A pretexto do alto custo de vida, Maputo voltou, ontem, a ser sacudido por violentas manifestações, que se saldaram em perda de várias vidas humanas, muitos feridos, saques de estabelecimentos e enorme destruição de bens de cidadãos inocentes.
Por mais argumentos que se possam levantar, não há nada que justifique uma reacção com a violência que se assistiu, no dia de ontem, para manifestar o que quer que seja, sobretudo porque a manifestação é um direito constitucionalmente reconhecido a todos os cidadãos deste país. Basta requerê-lo para dele usufruir.
Uma manifestação com violência atinge pessoas inocentes, como sucedeu ontem, e essas pessoas são tão assoladas pelo aumento do custo de vida quanto os seus agressores. E isso tudo era perfeitamente evitável. Por esse facto, do ponto de vista da forma, estas manifestações são absolutamente condenáveis e intoleráveis!
Mas por dentro da forma, há sempre o conteúdo. Por isso, neste exercício analítico, é importante que não ignoremos o “porquê” destas manifestações; que nos interroguemos, permanentemente, sobre as reais motivações das mesmas; que nos questionemos por que grupos de pessoas, aparentemente isoladas, por meio de simples sms´s, conseguem organizar levantamentos em vários bairros suburbanos da cidade de Maputo e, com uma eficácia inesperada, sitiar a capital em poucas horas.
Durante muitos anos, não vivemos estes fenómenos, pelo menos nesta dimensão, e apenas a 5 de Fevereiro de 2008 começaram e ontem se consolidaram. Por alguma razão está a ser assim. E essa razão justifica-se na ruptura social entre os dois mundos de que se constitui a cidade capital e que há muito estão num conflito que se tornou indisfarçável, nos últimos tempos, e a 5 de Fevereiro de 2008 começou apenas a lançar as primeiras larvas.

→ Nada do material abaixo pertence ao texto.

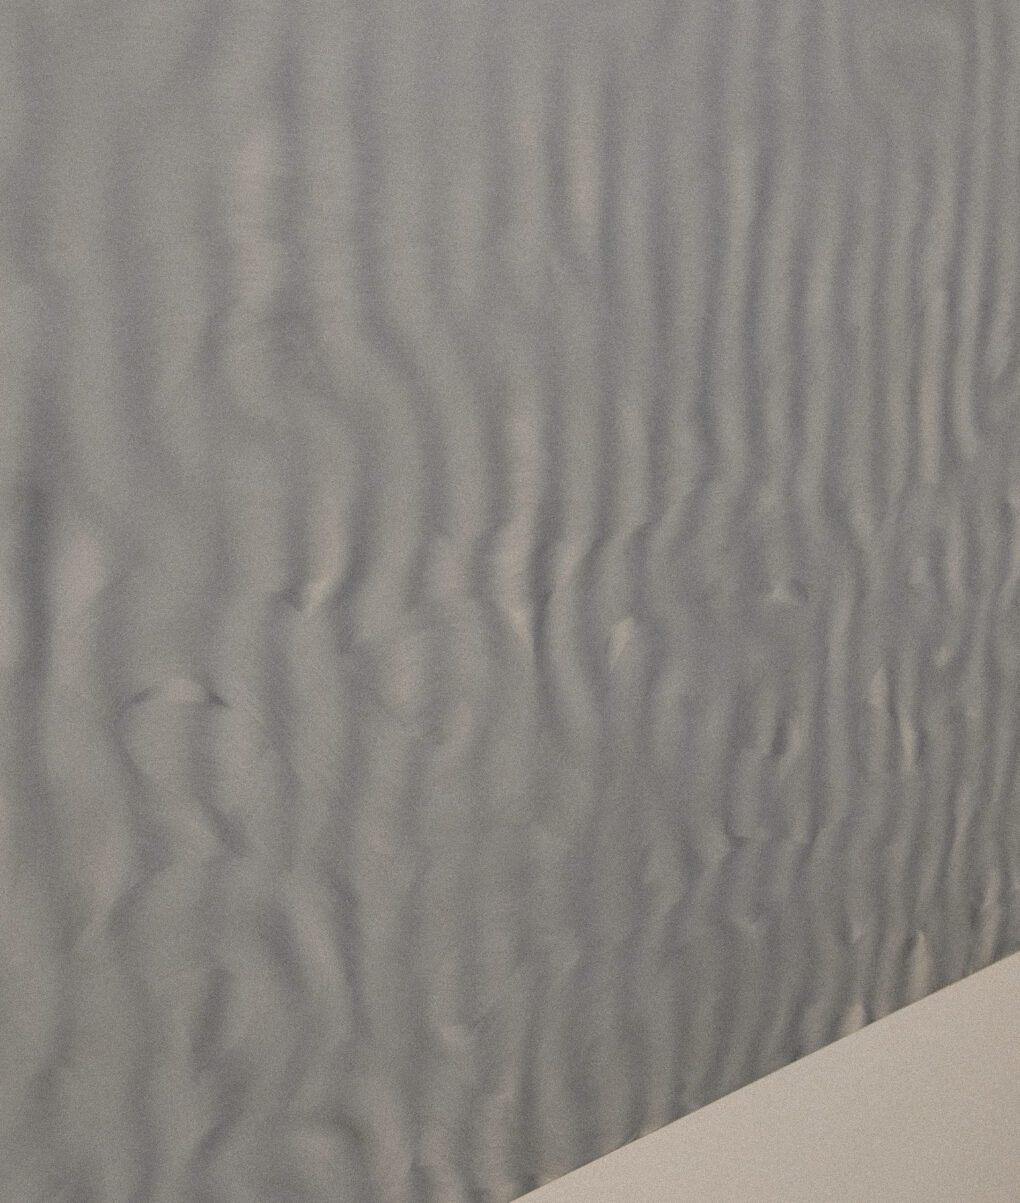 Gerhard Richter  ゲルハルト・リヒター展　　グレイの縞模様　1968  油彩、キャンパス

Por detrás dos bandidos e arruaceiros que o ministro do Interior referiu como autores do vandalismo de ontem, há uma classe social que se identifica, perturbadoramente, com a causa em si e quiçá com a forma de manifestação dessa causa. Só isso explica que tenhamos visto jovens e adolescentes a assaltarem estabelecimentos, e senhoras e homens a ajudarem a saquear bens nesses mesmos estabelecimentos.
Estamos, pois, perante uma classe que se sente, manifestamente, excluída dos processos de partilha e redistribuição da renda, que sente que o Estado rompeu o contrato social consigo; que não vê mais no Estado uma fonte de soluções, mas sim de problemas – porque promove a acumulação de uns em detrimento da maioria.
Como sabiamente disse o Prof. Dr. Lourenço do Rosário, e José Pacheco não quis entender, não podemos dizer que todos os que estão na rua, nestas manifestações, são agitadores, arruaceiros. Assumir isso revela uma enorme desatenção sobre os fenómenos sociais em curso neste país. Revela insensibilidade de um governo, que, inexplicavelmente, deixou aumentar preços de água, luz, pão e comida - produtos essenciais na vida dos cidadãos - na mesma altura.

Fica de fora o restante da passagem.